> [Work instruction]:
From the line that contains "Prendre le contrôle" down to the last line of the listing below, reproduce each line exactly but not the pictures.

> [Data block]:
┄┄┄┄┄┄

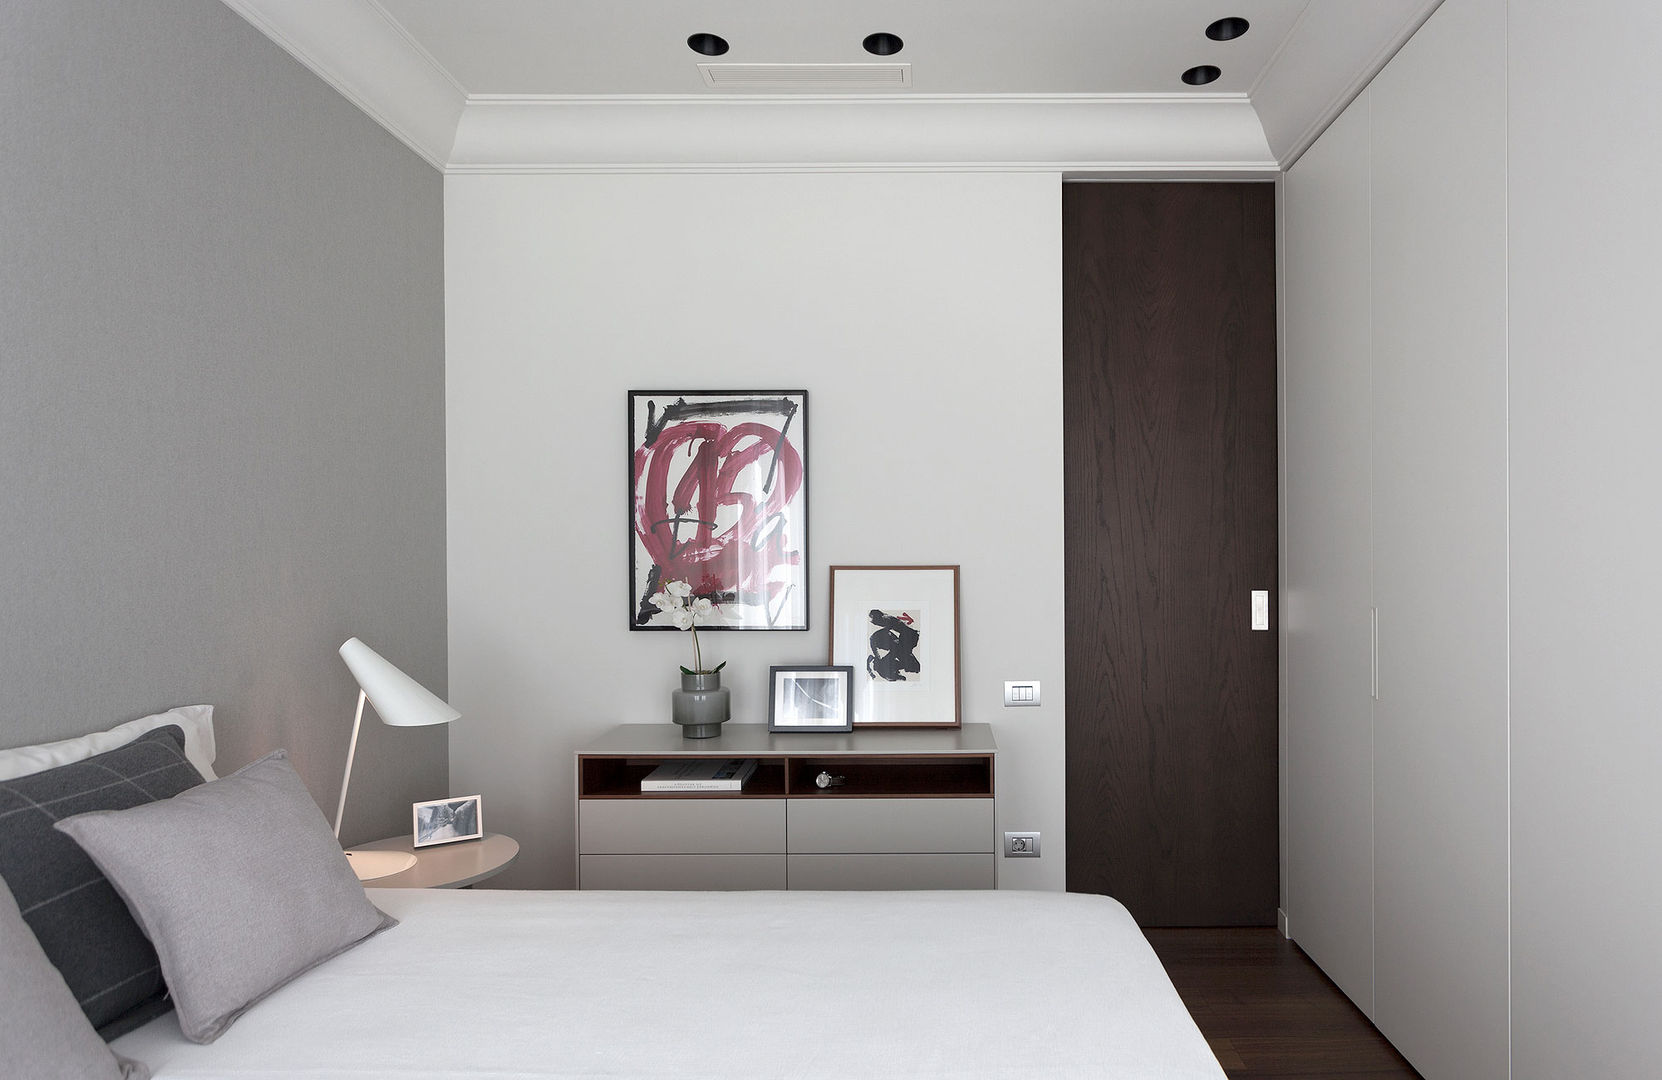 Dormitorio principal en tonos neutros decorado con arte MANUEL GARCÍA ASOCIADOS Habitaciones modernas
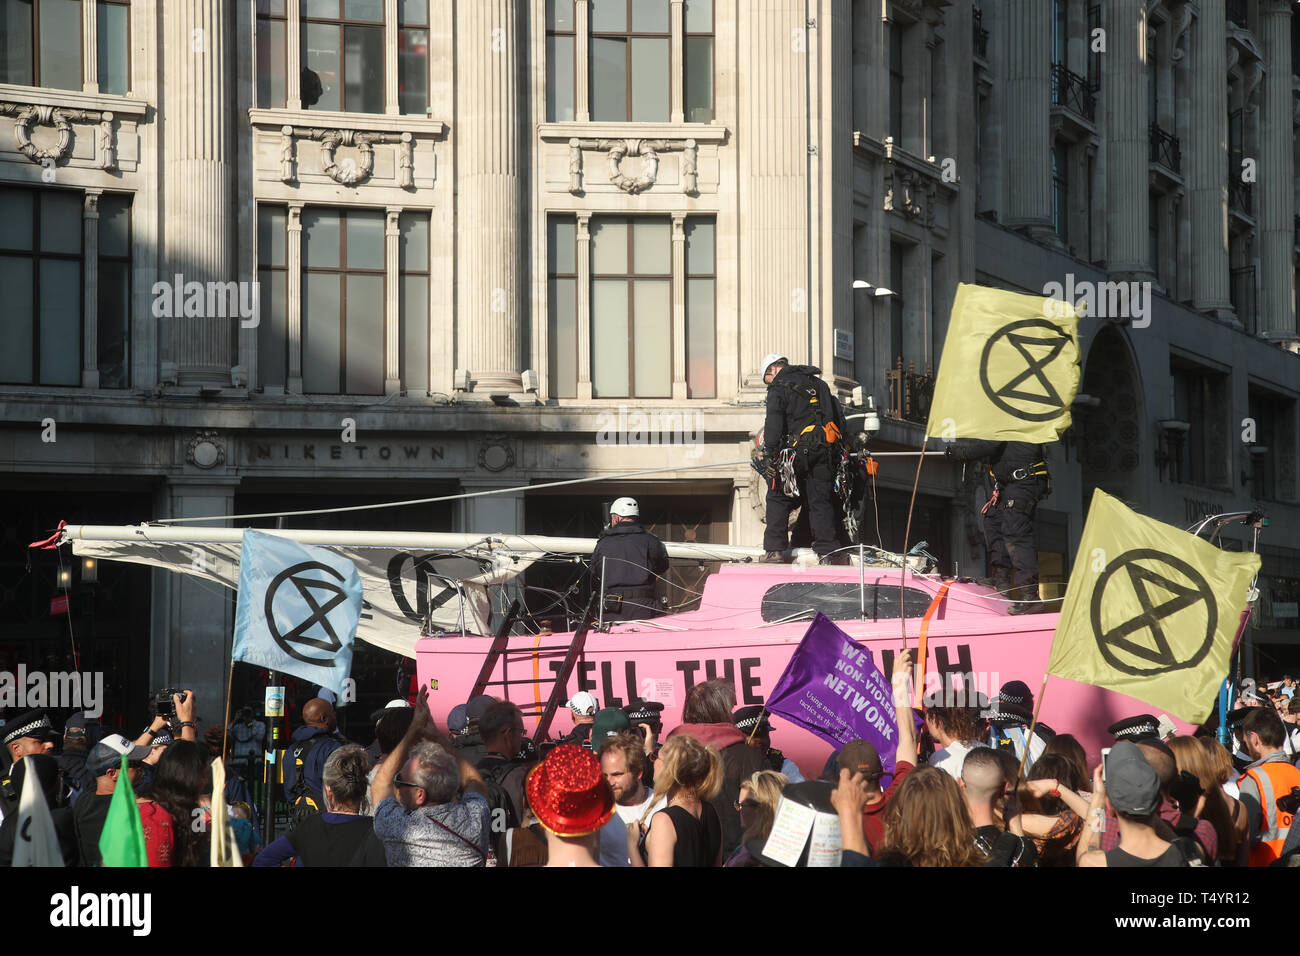 Prendre le contrôle de la police d'Extinction Rebellion "Dire la vérité" bateau, alors que les manifestations se poursuivent à Oxford Circus à Londres. Banque D'Images
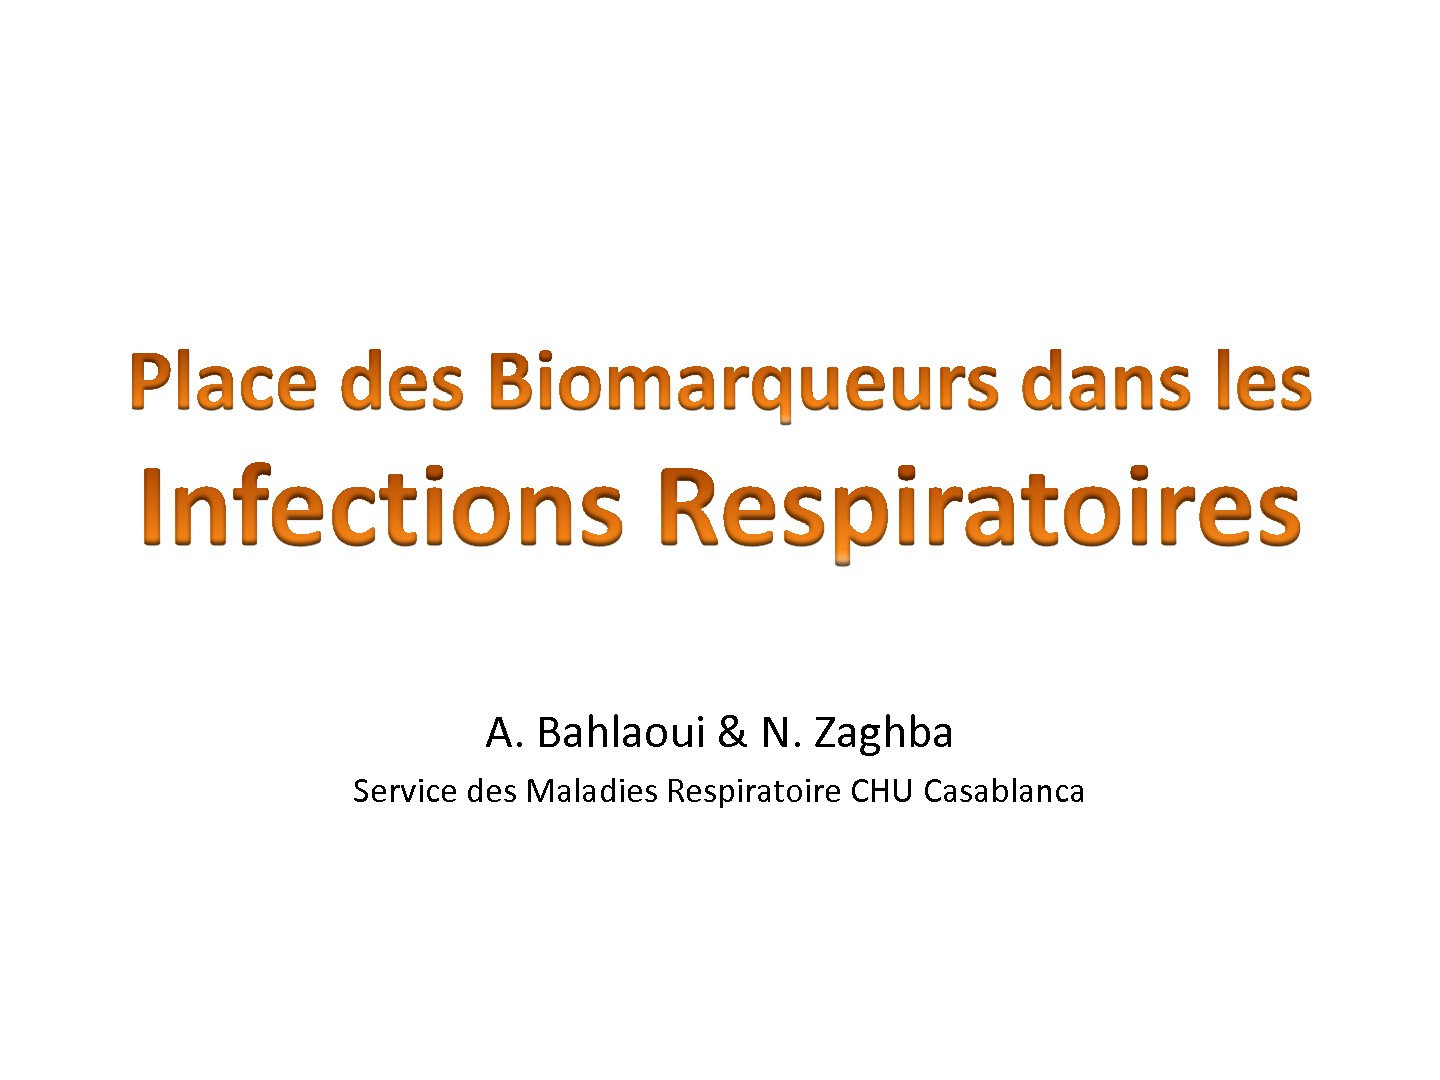 Place des Biomarqueurs dans les infections respiratoires. A. Bahlaoui & N. Zaghba

┄┄┄┄┄┄

> [Exercise solution]:
 Prendre le contrôle de la police d'Extinction Rebellion "Dire la vérité" bateau, alors que les manifestations se poursuivent à Oxford Circus à Londres. Banque D'Images
 Place des Biomarqueurs dans les infections respiratoires. A. Bahlaoui & N. Zaghba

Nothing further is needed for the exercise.